Eurozone inflation climbs more than forecast in Aug before ECB meeting
Unemployment holds steady at 9.1% in July
BRUSSELS/FRANKFURT, Aug 31, (RTRS): Euro zone inflation rose more than expected in August, official data showed on Thursday, just as the European Central Bank prepares to debate whether to tighten policy after 2-1/2 years of unprecedented stimulus.
Inflation in the 19-country currency bloc, targeted by the ECB at just below 2 percent, accelerated to 1.5 percent in August from 1.3 percent, coming just ahead of expectations for 1.4 percent on the back of higher energy costs, Eurostat said on Thursday.

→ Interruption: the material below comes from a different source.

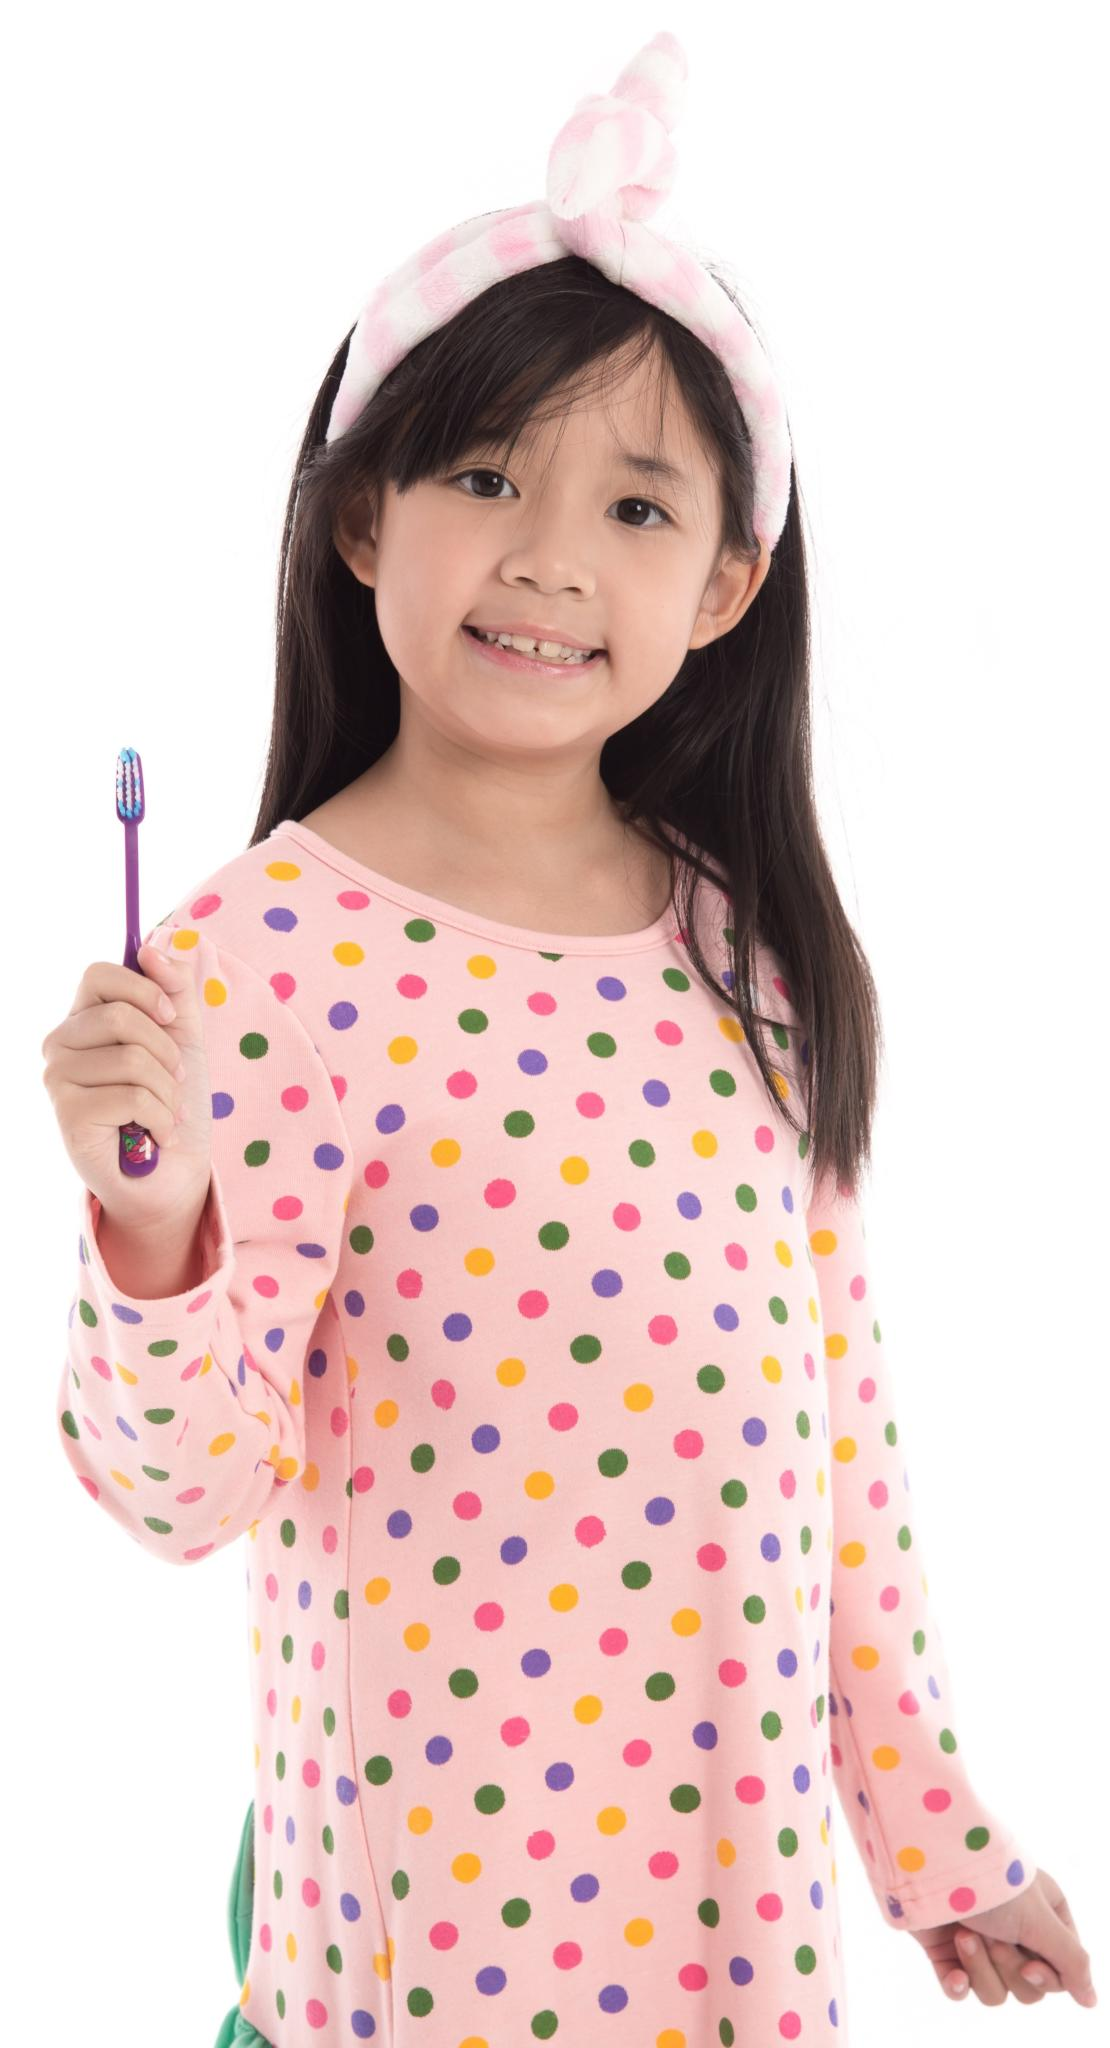 dentalcarechild

Underlying inflation, or prices excluding volatile food and energy costs, a figure closely watched by ECB policymakers, held steady at 1.3 percent, beating forecasts for 1.2 percent.
While the figures may strengthen the case of conservative policymakers, who are pushing for the ECB to wind down its asset-buying next year, the ECB is also now dealing with a strengthening euro, which pushes down prices.

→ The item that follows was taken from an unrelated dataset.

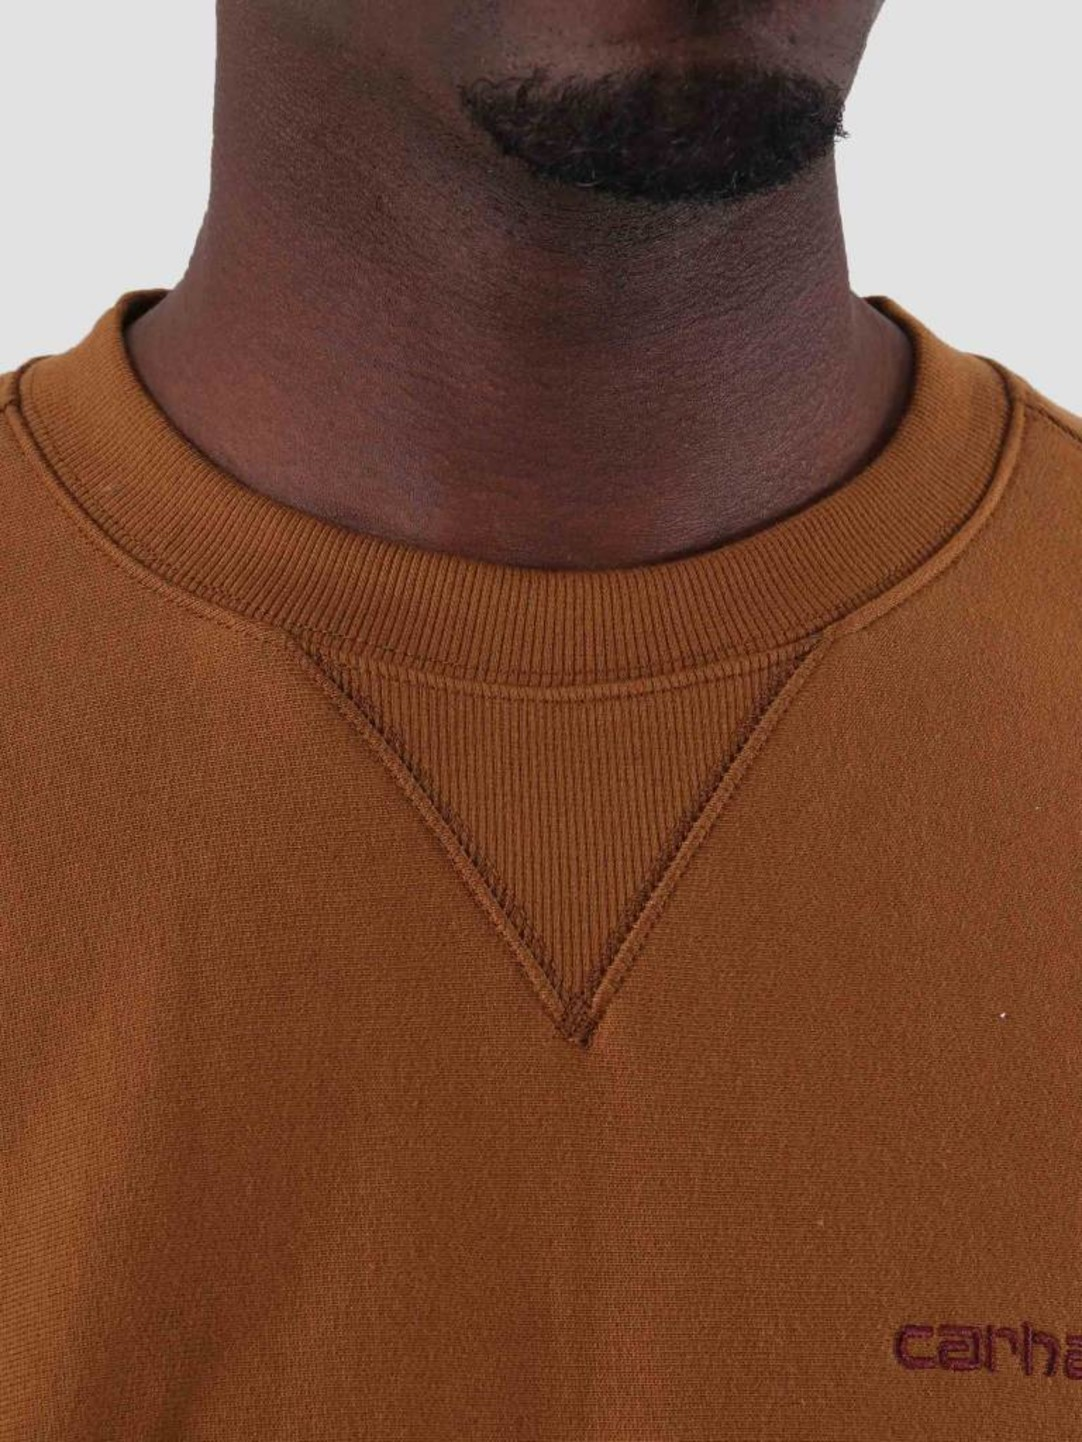 Carhartt WIP Carhartt WIP American Script Sweat Hamilton Brown I025475-HZ00

Launched 2-1/2 years ago when the threat of deflation appeared real and imminent, the ECB’s 2.3 trillion euro bond purchase scheme is due to expire at the end of the year, and policymakers promised to decide this “autumn” whether to extend the purchases or wind them down.
The euro zone economy is now growing for the 17th straight quarter, but wage growth is still paltry and sizable slack in the labour market suggests that wage inflation, a vital ingredient for overall inflation, may be sometime away, an argument for some policymakers to continue with stimulus.
Indeed, unemployment held steady at 9.1 percent in July, Eurostat said separately, with France, Spain and Italy all above the euro zone average.
ECB policymakers will next meet on Sept 7 and while few specific decision are expected, ECB President Mario Draghi could start laying the ground for the bank’s next move for when they meet on Oct 26.
A complication is the euro’s 13 percent rise against the dollar this year, which could dampen inflation by reducing the cost of exports, and may slow growth by making euro zone export more expensive.
Tightening policy would also make the euro more attractive.
Indeed, policymakers already expressed concern about the euro’s appreciation when they met in July, the minutes of that meeting showed, warning about the dangers of an “overshooting” currency.